The Federal Reserve is stabilizing interest rates as it navigates the uncertainty kicked by the president who continues to pressure the central bank to lower them.
It’s a cynical, whip-inducing reversal for Fed policymakers who were on the verge of a rare feat a few months ago. Get ready to take away the driving forces of historic inflation and reduce borrowing costs without causing massive layoffs known as “soft landings.” But President Donald Trump’s rapid uptake of global trade has pushed the Fed and its leaders into difficult positions. They feel that the approach they are waiting for is their best strategy for now may be their best strategy.
“The Fed has fallen into a near-impossible situation where the two orders are likely to move in opposite directions,” said Sheemasher, chief global strategist at Principal Asset Management, referring to the Fed’s dual mission to keep jobs high and keep inflation low.
“But government policies — incredibly uncertain in themselves — will determine both the timing and magnitude of those movements,” she wrote in a note to her client on Wednesday.
The concern is that the Fed will force the Fed to cut interest rates to cause unemployment, as the economy damaged by tariffs risks causing higher inflation. After peaking above 9% in mid-2022, annual inflation has hovered for nearly a year just north of the central bank’s 2% target.
Fed Chairman Jerome Powell said Wednesday that holding Putt at interest rates would allow the Fed to “wait and see” how the economy unfolds. However, policymakers updated their concerns about “stagflation” by warning in a statement Wednesday that “high risk of unemployment and increased inflation.”
“The tariff shock reduces actual GDP growth, while simultaneously increasing prices, putting the Fed at the corner of the dilemma,” warned Brian Callton, chief economist at Fitch Rating, in a note Wednesday afternoon. “The policy movements needed to maintain full employment are the opposite of what is needed to curb inflation. Moving one policy lever to achieve two conflicting goals is problematic.”
Politics is becoming more difficult, and the Fed’s decision is likely to elicit Trump’s rage. Trump has repeatedly beaten Powell, whom he appointed in 2018, breaking long-standing norms on political influence on monetary policy by escalating his attacks in recent weeks.

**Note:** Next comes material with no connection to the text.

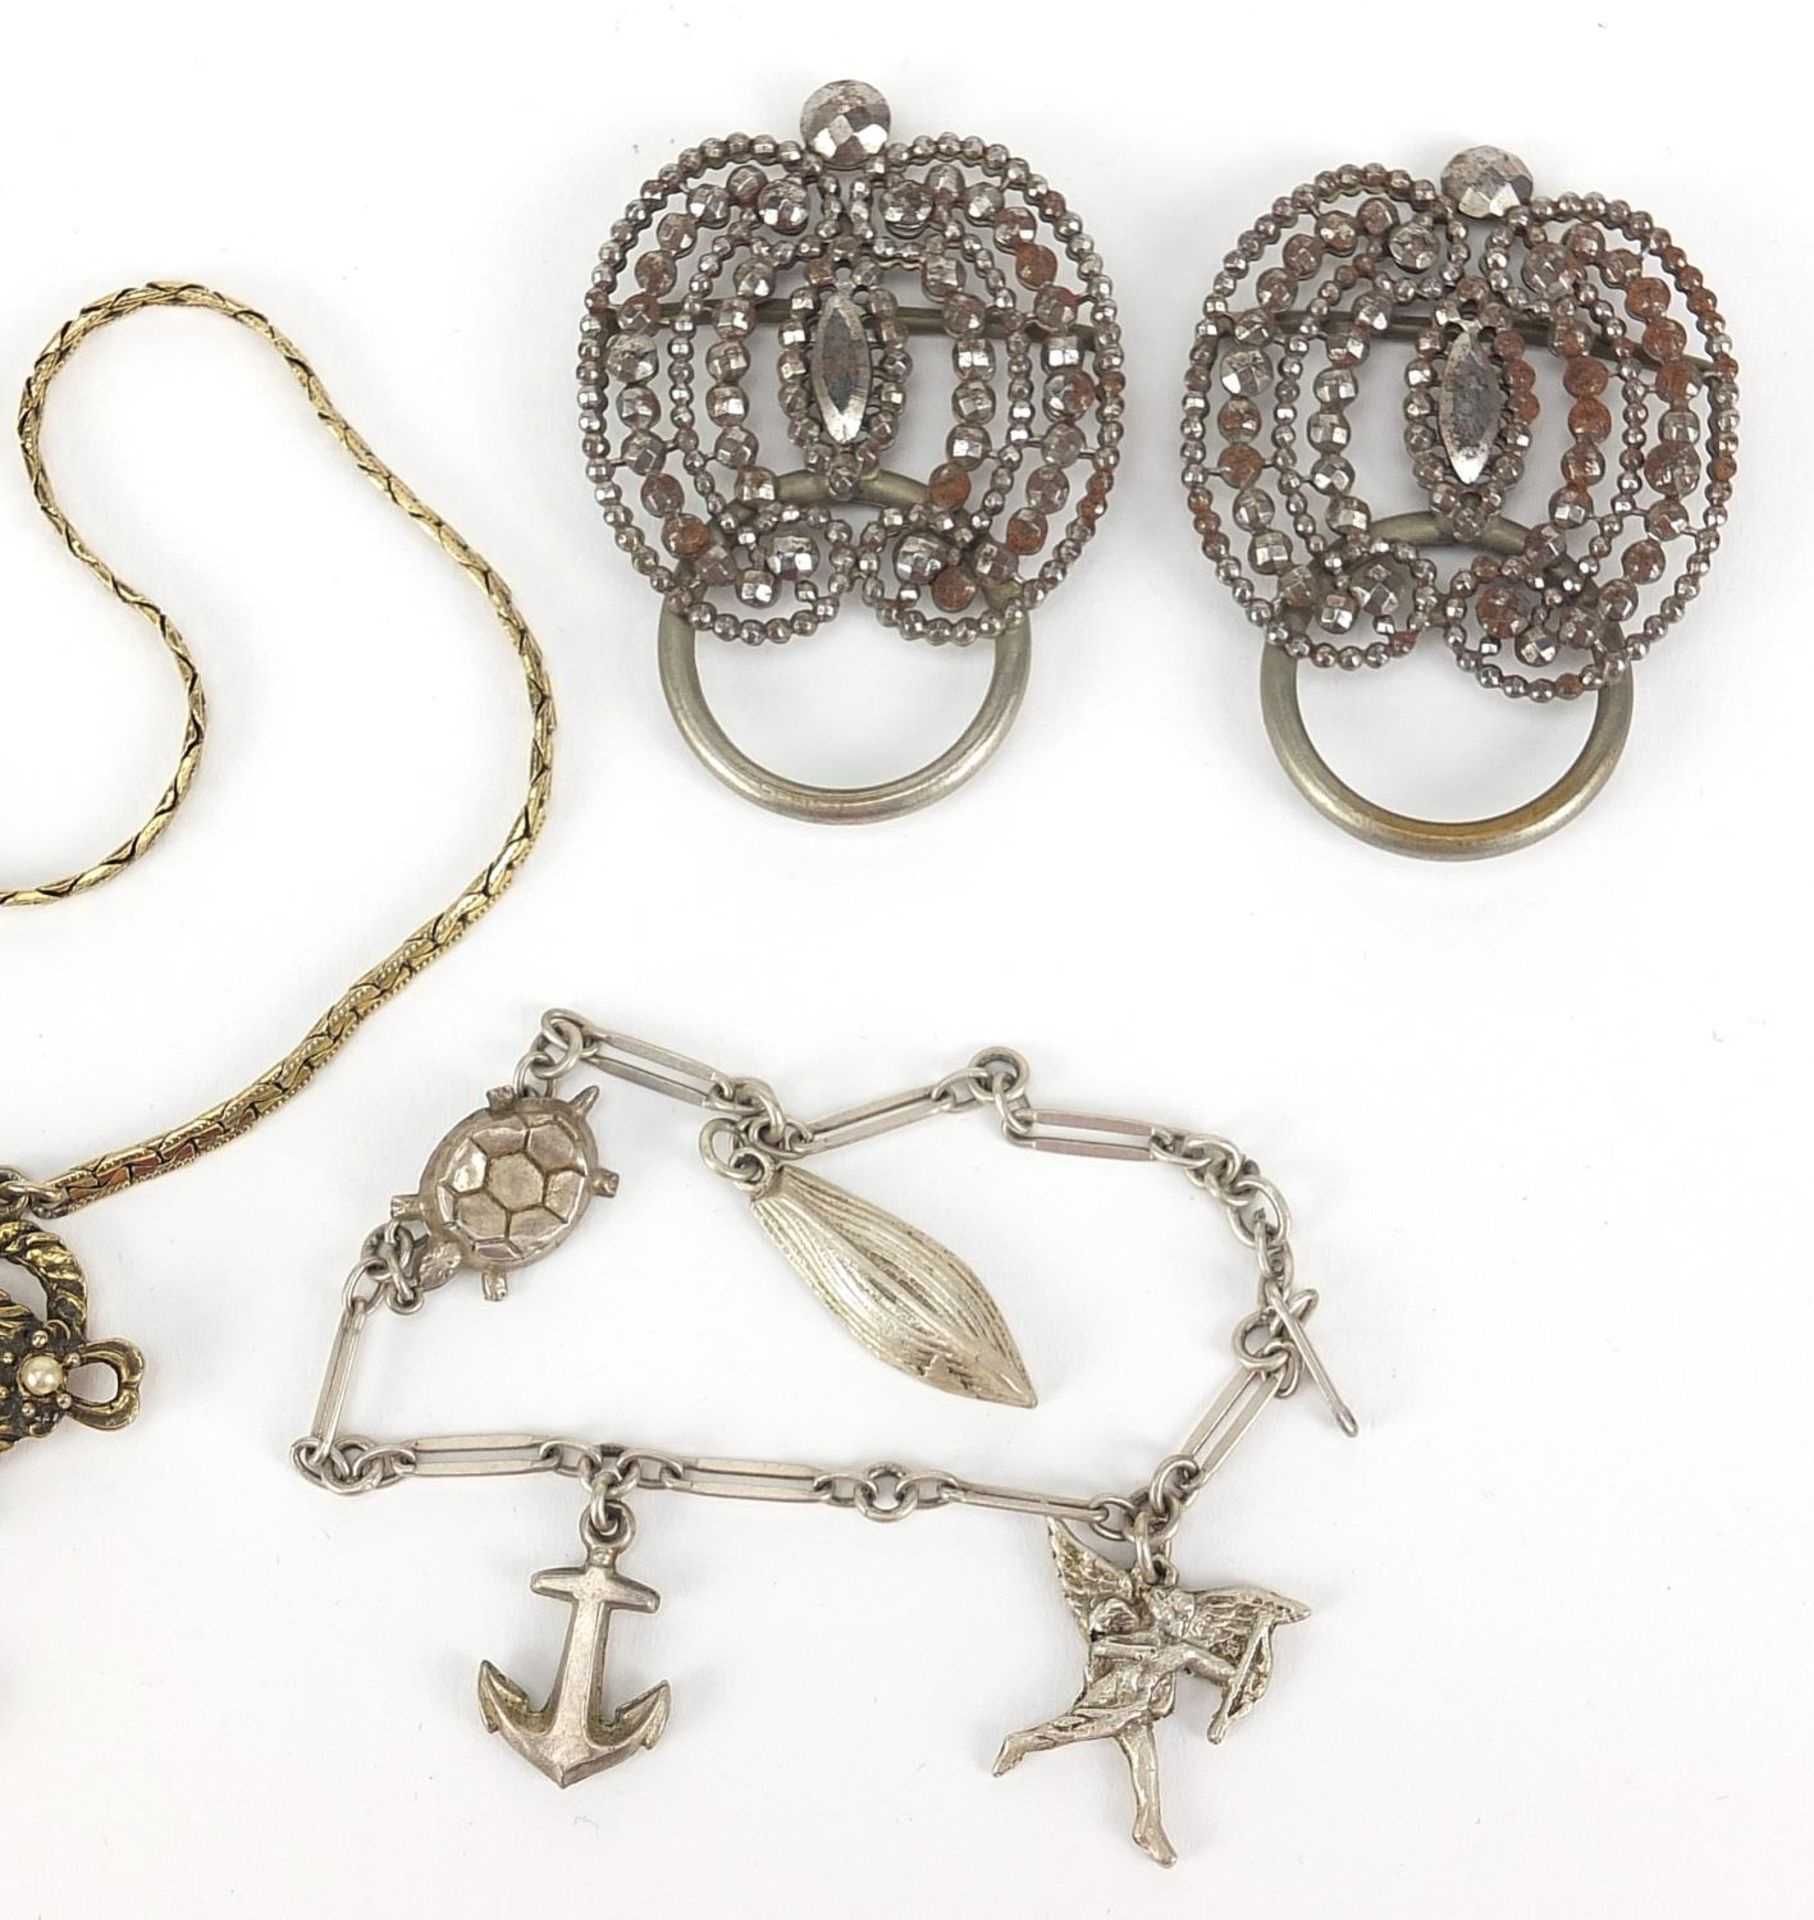 Antique and later jewellery including cut steel, silver charm bracelet, 1887 coin brooch and a large - Image 3 of 4

“Cut your interest rates, Jerome, and stop doing politics!” he wrote about Truth Social on April 4th. Two weeks later, he again called Powell “too late” and said, “The ending can’t come quickly enough!” In yet another post a week later, Trump called Powell the “major loser.”
Powell told reporters Wednesday that Trump’s comments had no impact.
“That doesn’t affect either our work or our way of doing things,” he said, adding that both of them also called for a meeting with Trump and demanded that the president. President Joe Biden re-appointed Powell in 2022, and despite a recent barrage of criticism, Trump told NBC News’ Kristen Welker last week that he would not try to eliminate him before his term ends in May 2026.
“Why am I doing that? I can replace that person in another short period of time,” he said.
The challenges in recent months mark the second time Powell weighed the ways in which he handled economic fallout from Trump’s trade policy. In 2019, Trump was similarly threatening China’s higher obligations. Faced with a similar jab from Trump, Powell cut interest rates three times through a barrage of Twitter posts at the time, easing the US economy preemptively from a higher obligation blow.
Powell signaled on Wednesday that this time it was different. The Fed was not worried about the impact of lower rates inflation as prices were rising slowly in 2019 at a slower pace than they are now. Core consumer spending, a measure of inflation preferred by the Fed, showed that prices rose at 2.6% per year in March, while the same scale was recorded at 2% below 2% in 2019.
“This is not a situation where we can take the lead, because we don’t really know what the correct response to the data is until more data is displayed,” Powell said.
The market expects the Fed to cut interest rates three times by the end of the year, but some analysts aren’t that sure. “If the basic cases of stable labor markets and rising inflation are correct, we will not see a path to reductions in 2025,” a researcher at Bank of America said on Wednesday.
In the meantime, Powell avoided commitment to future moves, given the widespread uncertainty that Trump’s tariffs are for corporate bosses, small business owners and consumers.
“It may be appropriate for us to cut fees this year, and we may not,” he told reporters Wednesday. “I don’t know.”